Why did you make berp?

  • For fun. I enjoy programming. Haskell is a pleasure to use and Python is a fun language to (try to) implement.
  • For learning. When I started berp I was just beginning to learn Python (because I had to teach it to first-year university students). I wanted a better understanding of how Python worked, so I tried to implement it.
  • For a challenge. It was not immediately obvious to me how much of Python I could implement by translation to Haskell. In many ways berp is an experiment to see just how far I can get.

What are the potential technical advantages of your approach?

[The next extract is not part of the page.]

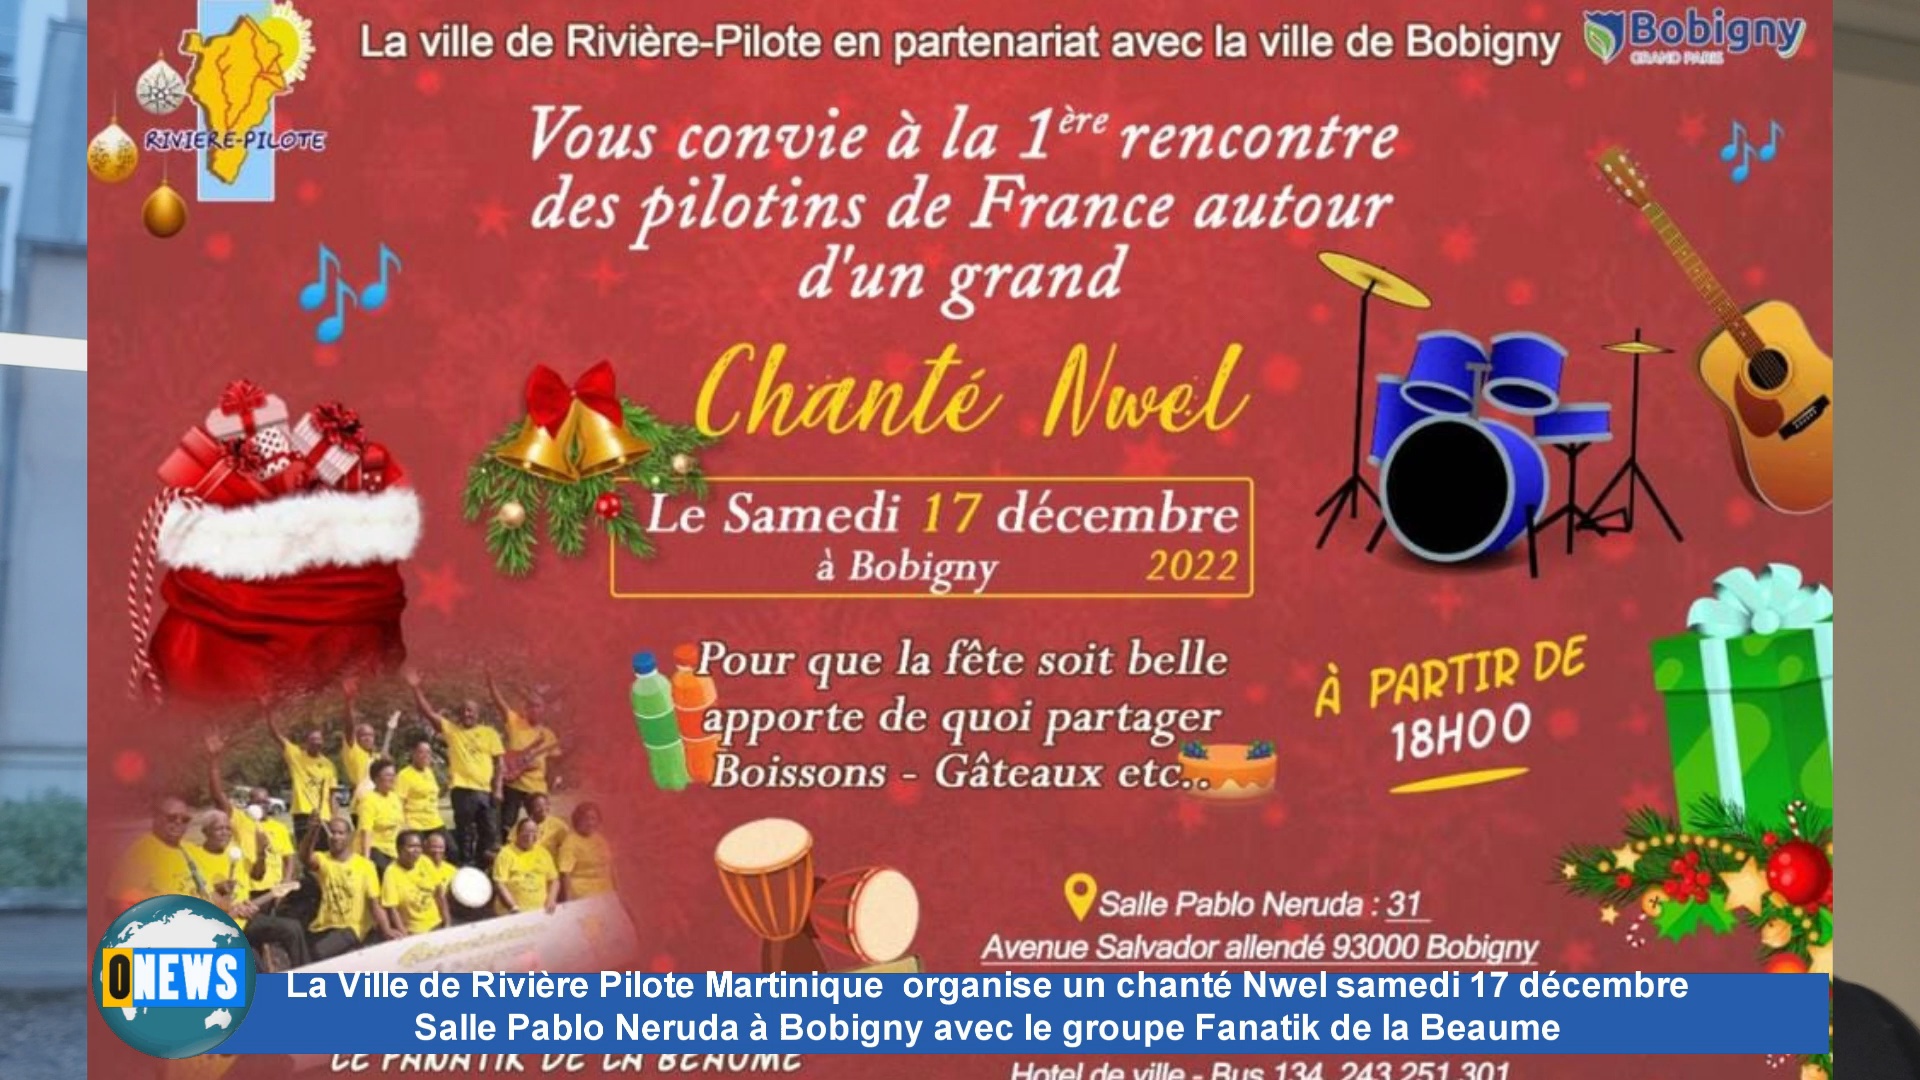 [Vidéo] La ville de Rivière Pilote Martinique organise un chanté Nwel samedi 17 décembre Salle Pablo Neruda à Bobigny

Berp was written primarily for the reasons stated in the previous section. Therefore technical merit was less important when I started. However, there may just be some benefit in the approach I have taken. Here are some speculative reasons:

  • The GHC runtime system. GHC provides a very sophisticated runtime system. By translating to Haskell I get to use all of its great features for free. One of the big early wins is that I get a garbage collector (you don’t want to write those if you don’t have to). Later on I hope to take advantage of GHC’s concurrency features, such as lightweight threads and software transactional memory.
  • Monad transformers. Haskell’s monad transformers, particularly the continuation monad transformer ContT, make it relatively easy to implement the effectful features of Python. This means that berp can translate Python constructs into high-level Haskell constructs. This made the compiler very easy to write, which in turn has allowed me to play with some fun extensions like tail call optimisation and first-class continuations (callCC). The interaction of control flow operators in Python can get rather tricky, so it has been a great advantage to work with high-level Haskell code as output. Sometimes I think of berp as a very detailed study of the continuation monad.
  • Safety. Haskell’s type system is essentially a form of lightweight formal verification. Compilers are hard to get right, so it helps to implement your compiler in a type safe language. In future work I might see if I can make the compiler even safer by using more sophisticated aspects of the type system.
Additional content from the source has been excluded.